Distribution of the ABCA1 protein in human ocular tissues

Sections of a normal human eye were immunolabelled with the anti-ABCA1 antibody (brown) and counterstained with haemotoxylin to visualise nuclei (blue). Positive immunolabelling was detected in the trabecular meshwork (a and b), throughout the retina (c and d) and in the optic nerve (e and f). In the retina (c), comparatively pronounced ABCA1 immunolabelling was observed at the tips of photoreceptors, in the outer limiting membrane (OLM), outer plexiform layer (OPL) and nerve fibre layer (NFL). (d) Labelling was also pronounced in some cells in the inner nuclear layer (INL; arrow), in retinal ganglion cells in the ganglion cell layer (GCL; arrowhead) and retinal blood vessel wall (not shown).
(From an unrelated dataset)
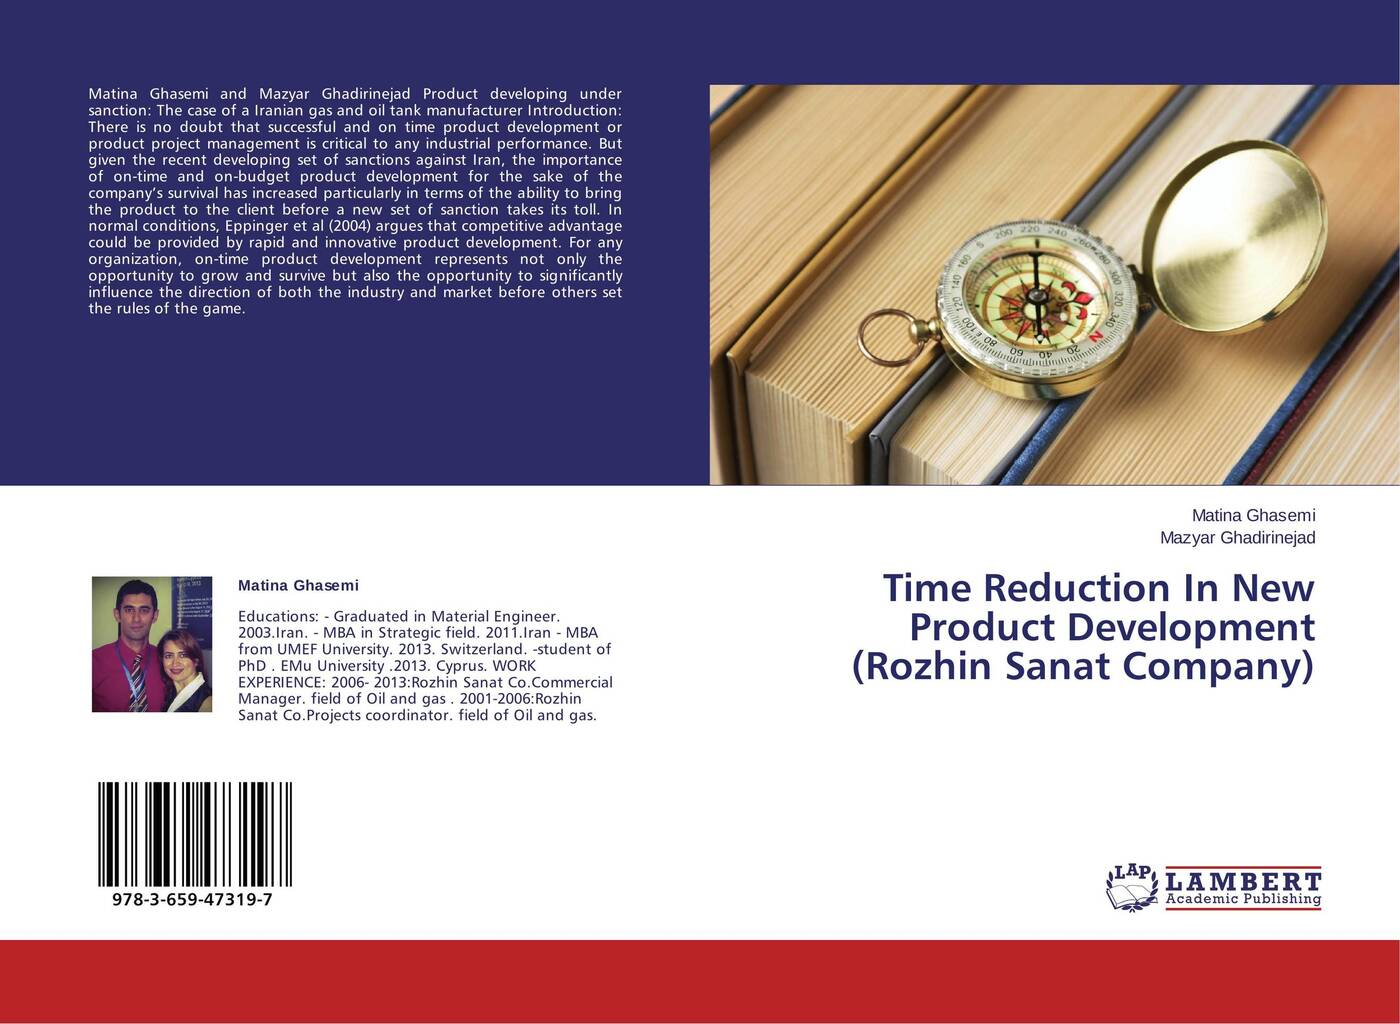 Matina Ghasemi and Mazyar Ghadirinejad Time Reduction In New Product Development (Rozhin Sanat Company)

In the optic nerve (e and f), the protein was distributed in the nerve fibre bundles (e, asterisk) and at the cell boundary of astrocytes in the glial columns (f, arrow). In sections of a glaucomatous eye, (data not shown), including in the retina (g), similar distribution of the protein to that in the normal eye, was observed. The experiment was repeated for reproducibility. (h) Section hybridised with the secondary detection reagent alone as negative control. sc, Schlemm’s canal; RPE, retinal pigment epithelium; OS, outer segment; IS, inner segment; ONL, outer nuclear layer; IPL, inner plexiform layer. Scale bar=100μm.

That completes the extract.